When examining specific diseases, China particularly needs to focus on Diabetes mellitus and ischemic heart disease. The burden of these two diseases has significantly increased, contrary to the trends of other diseases. Specifically, the number of DALYs for Diabetes mellitus increased by 522,479 people, which is 3.22 times the number in 1990. The number of deaths from ischemic heart disease increased by approximately 4.51 times. The primary cause of this trend is the rapid urbanization, which has altered lifestyles. For example, the widespread adoption of fast food culture has led to dietary habits high in fat, sugar, and salt. Additionally, advances in modern technology have shifted the labor structure toward more sedentary jobs, significantly increasing the risk of ischemic heart disease and diabetes, thus exacerbating their burden (20, 26). Furthermore, rapid industrialization and environmental pollution have intensified the negative impacts of cardiovascular diseases. Although the Chinese government has implemented policies since 2013 to reduce the annual average PM2.5 concentration by 30% by 2019, the levels remain high. Zhang et al. reported that the annual average PM2.5 concentration in China in 2019 was 48 μg/m³, far exceeding the WHO recommended safety standard of 10 μg/m³ (27). According to Rajagopalan et al. (28) each 10 μg/m³ increase in PM2.5 concentration raises the daily Death rate from cardiovascular diseases by 0.4%. Therefore, China must enhance the prevention and management of low physical activity, particularly through interventions targeting obesity and metabolic disorders, while continuing to advance policies and measures to improve air quality. These actions are crucial for reducing the disease burden associated with low physical activity.

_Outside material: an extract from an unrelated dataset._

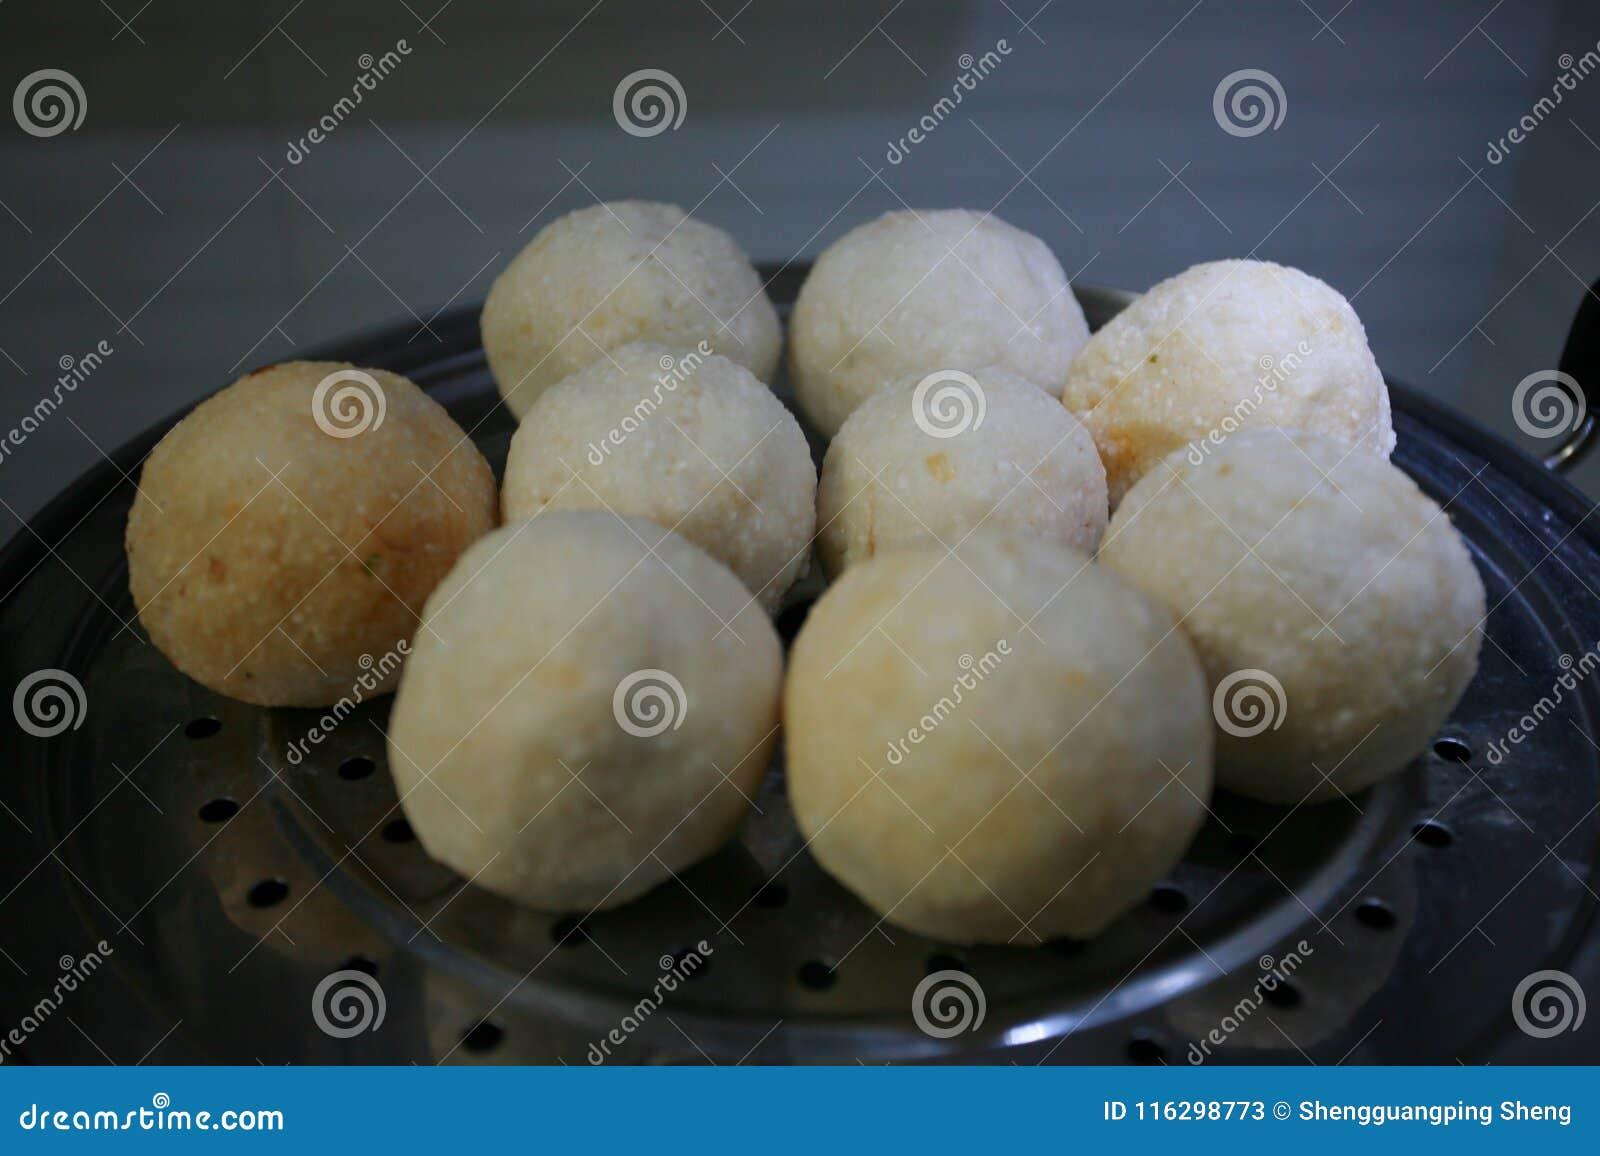 Xiantao flavour snack: rice lump

From the perspective of gender differences, low physical activity has a greater negative impact on women than men. Women have higher Death rates, death counts, DALY rates, and DALY counts related to low physical activity. This is primarily because estrogen protects the cardiovascular system, and postmenopausal women are at higher risk for chronic diseases such as hypertension and cardiovascular disease after losing this protection (29). Additionally, postmenopausal women experience a decline in basal metabolic rate, leading to weight gain and abdominal obesity. Flegal et al. found that the obesity rate for women over 65 is about 5% higher than for men, and obesity increases the risk of insulin resistance and type 2 diabetes, contributing to a greater disease burden (30). Additionally, postmenopausal women experience a decline in basal metabolic rate, leading to weight gain and abdominal obesity. Flegal et al. found that the obesity rate for women over 65 is about 5% higher than for men, and obesity increases the risk of insulin resistance and type 2 diabetes, contributing to a greater disease burden. Moreover, the decline in estrogen also affects bone density, muscle mass, and strength, making women more prone to lower back pain and disc herniation, which further hinders physical activity (31). To address these challenges, China needs to develop and promote social policies and public health measures to increase women’s participation in physical activity and improve their health. These measures may include providing more sports facilities, enhancing health education and promotion, raising awareness of women’s health issues, and promoting gender equality. Such actions will help reduce the negative health impacts of low physical activity on women and support overall societal health and gender equality.

This study also found that, although women currently bear a larger burden, the burden of low physical activity among men in China is increasing more rapidly. The number of deaths, Death rates, DALY numbers, and DALY rates for men are approaching those of women. This is mainly due to significant changes in men’s work and lifestyles, with more men working in offices, leading to increased sedentary behavior. According to the “China Male Health Survey Report,” in 2019, 60% of Chinese men sat for more than 8 h at work, an increase of about 20% from 2000. In comparison, about 50% of women sat for more than 8 h at work in 2019 (32, 33). Changes in travel patterns also play a role. In 2019, 70% of men walked less than 30 min, compared to about 50% of women (32, 33). These trends indicate that the impact of low physical activity on men and women is converging, posing new challenges for public health policy-making.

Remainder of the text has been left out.